I used to be an avid artist...
but nowadays I just do sketches and origami.
I do some fiction writing from time to time also.

I'm also creative when solving problems... dunno if that counts.


----------



## ndircukm (Jan 2, 2006)

Here is a silly one that i wrote:

As you drape your amply curvaceous body
Over my own
Your hair falls from the sides of your breasts
To cover me
Each strand gently caressing in its own way,
Follicles growing only for that purpose….

Unknowingly, you select the food you do strictly for the nutrients your HAIR needs in order for it to be as luxuriant and glowing as possible

As you sing a cradlesong 
your eyes begin to close
Though your appendages collapse
your body remains still
As your bust securely holds your body 
a few more inches off of mine than ever before
I decide
That maybe elephantitis isn’t so bad

THE MERITS OF ELEPHANTITIS

I know- silly. -by the way; whoever reads it is probably dumber as a result, but they might understand me more Peace


----------



## ghostgurl (Sep 20, 2004)

I love to draw. I would submit something however, the scanner doesn't work with my computer. Although my avatar is something I did myself on ms paint.


----------



## bsd3355 (Nov 30, 2005)

It changes all the time for me. For a while Id write songs and record them on my computer. I even made cds and sold them because people liked it. I didn't sell it in huge amounts or anything or said it was my beats because it wasn't. I made a lot of beats with fruityloops and took some off websites and made raps. I'm done with that now though because most of what I want to talk about now isn't really rap material and are things I want to keep to myself. I also used to draw a lot when I was younger but got bored of that. Probably the most creative things I do now are making maps for games and just writing ideals and experiences I have on paper. Not much really.


----------



## Molten Universe (Feb 17, 2005)

Isn't there an "arts" section for this? Well anyway, I try to write fiction myself, but I've never written something that was good enough (and/or short enough) to post here. Oh well...


----------



## triumphtr79 (Jan 2, 2005)

i am very much into music and am an art major and consider myself very creative. i always believed artistic people are more prone to SA, depression, and OCD. look at how many musicians, artists, actors, etc. suffer from depression and some even commit suicide (that's not meant to be negative, but reality unfortunately). Sometimes I think we pay a price for our creativity because I believe we are smarter than the average joe. It's something with the brain I guess. 

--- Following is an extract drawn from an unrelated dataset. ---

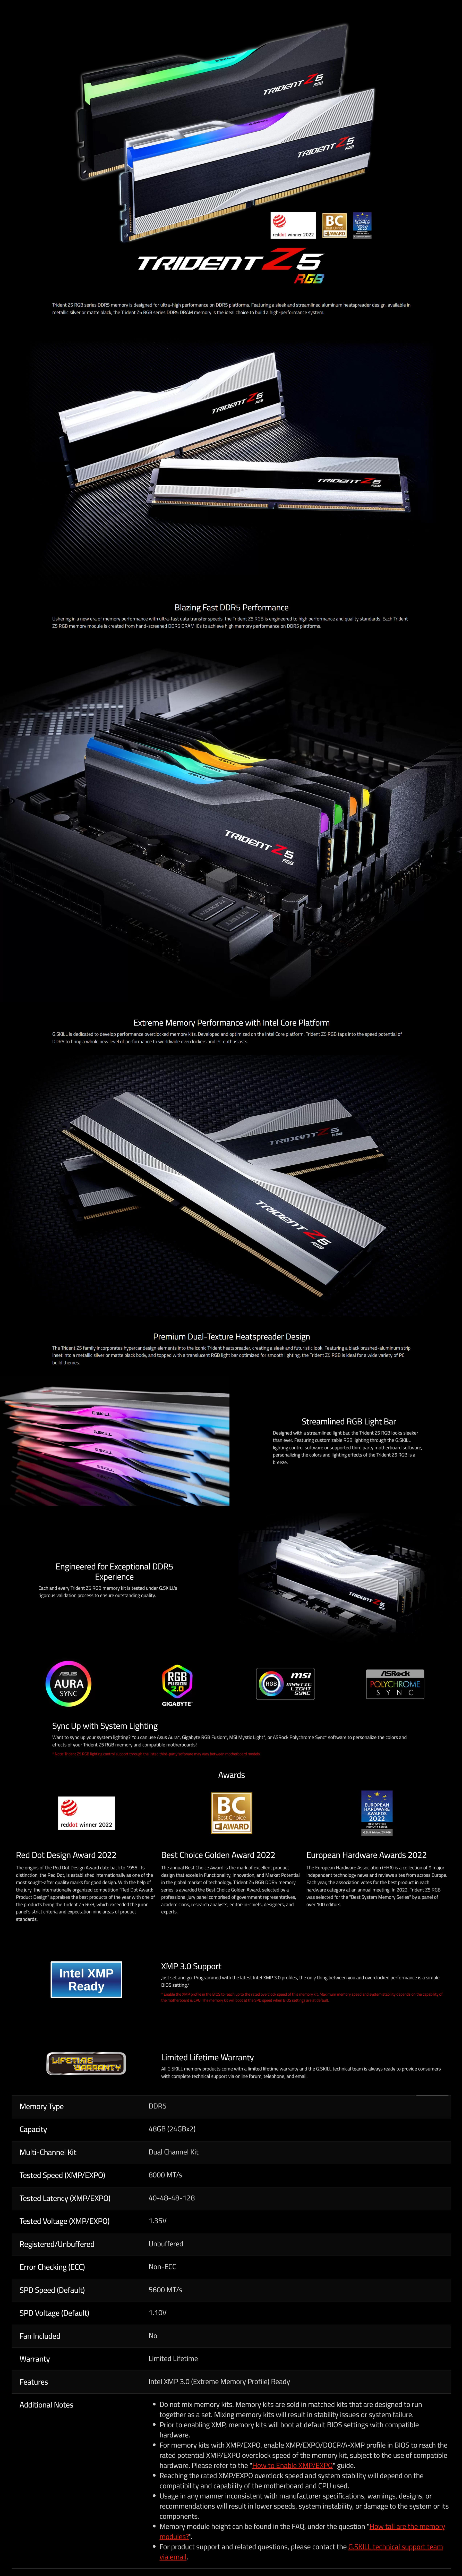 A large marketing image providing additional information about the product G.Skill 48GB Kit (2x24GB) DDR5 Trident Z5 RGB C40 8000MHz - Silver - Additional alt info not provided

I was once told people with OCD are usually people that are very intelligent, I can relate to that.


----------



## tired_tool (Sep 6, 2005)

I used to write some fiction, many software reviews and articles which are published. Does that count as creativity? Anyhow, somewhere along the way I became too lazy to do even my assignments leave aside anything extra.


----------



## funkypresident (Sep 17, 2005)

Old music at:

http://www.myspace.com/jesusrock2005


----------



## Person (Feb 1, 2006)

I'm not very creative but here's a link to 2 of my friends songs(Pour One More, Please Sign Here). If you like them, let me know. I have a bunch more.

http://www.purevolume.com/joerafter


----------